Archbishop Stack with award winners

Archbishop Stack with award winners

The annual Plater Trust awards ceremony was held at the Cardinal Hume Centre, Westminster on Friday, 20 March. Archbishop George Stack, stood in for the Trust's Chairman, Cardinal Vincent Nichols, to host the evening. A record number of grants were made this year, totalling £270,000. This year's funds have been given to 'imaginative projects providing education for people from the most marginalised sectors of society'.

Women at the Well, based in Euston, was awarded £34,512 for its work supporting women with a complex range of needs relating to street based prostitution, offending and anti-social behaviour, problematic drug and alcohol abuse, rough sleeping and trafficking.

Storybook Dads was given £40,000 for their Me and My Dad, project to help fathers in prison maintain contact with their children, and improve literacy skills through recording stories. Following a successful pilot at HM Prison Dartmoor, it will now be rolled out to HMP Channings Wood.

Four awards were given to projects working with the homeless and jobless. In Sheffield St Wilfrid's, the largest facility for vulnerable and homeless adults with mental health issues in South Yorkshire was given £28,927. Noah Enterprise in Luton, received £29,210. THOMAS in Blackburn which was awarded £40,000 and the Ace of Clubs in Clapham, Southwark Diocese who were awarded £32,424.

The Baytree Club in Brixton, south London received £32,000 for its work with teenagers and young women, offering life skills mentoring and training. Life, a charity which works with pregnant women and single mothers received £33,416.

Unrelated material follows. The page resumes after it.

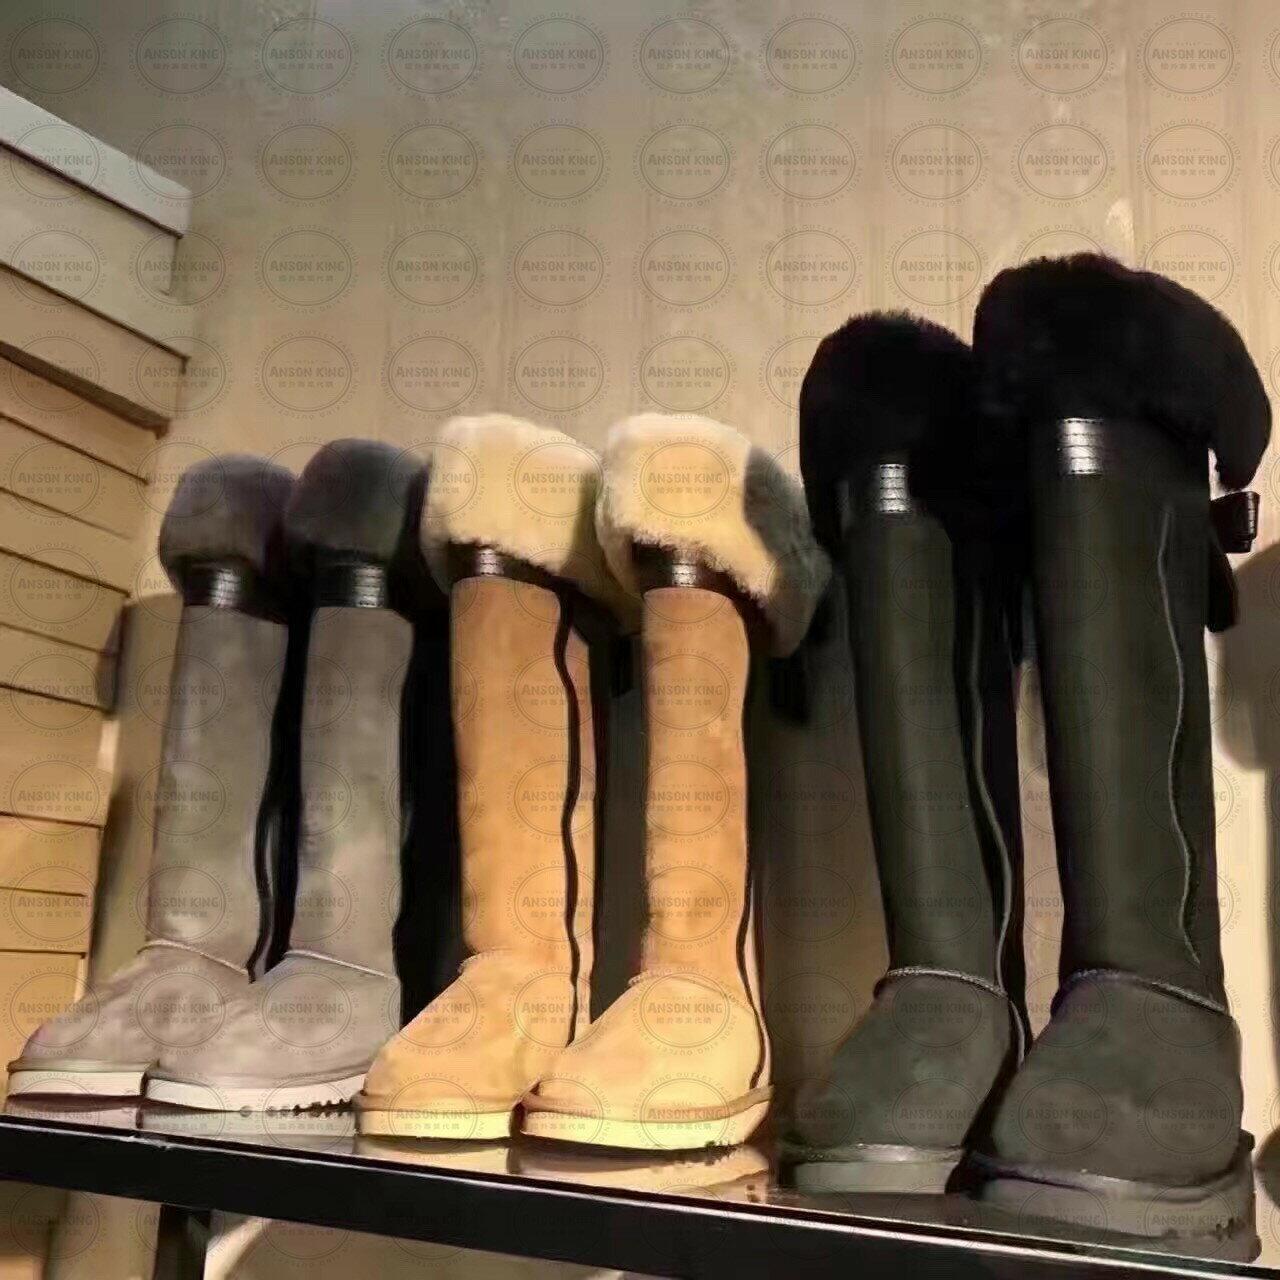 OUTLET正品代購 澳洲 UGG 千頌伊同款過膝羊皮毛雪靴 保暖 真皮羊皮毛 雪靴 短靴 黑色 2

Participants at the award ceremony were able to meet winners of previous grants and were treated to a presentation by the Chief Executive of the Cardinal Hume Centre, Cathy Corcoran OBE.

The Plater Trust continues the work of the founders of the former Plater College Oxford, which closed in 2006. Grants are given from the proceeds of investments from the sale of the original Plater College. Since the Trust was established, it has awarded grants of nearly £1 million to support 22 projects in the fields of social action and education for the disadvantaged.

The trustees received 29 applications for funding totaling £1 million this year. Cathy Corcoran said that these were mostly of the highest quality and only the limit on the amount available prevented more proposals from being supported.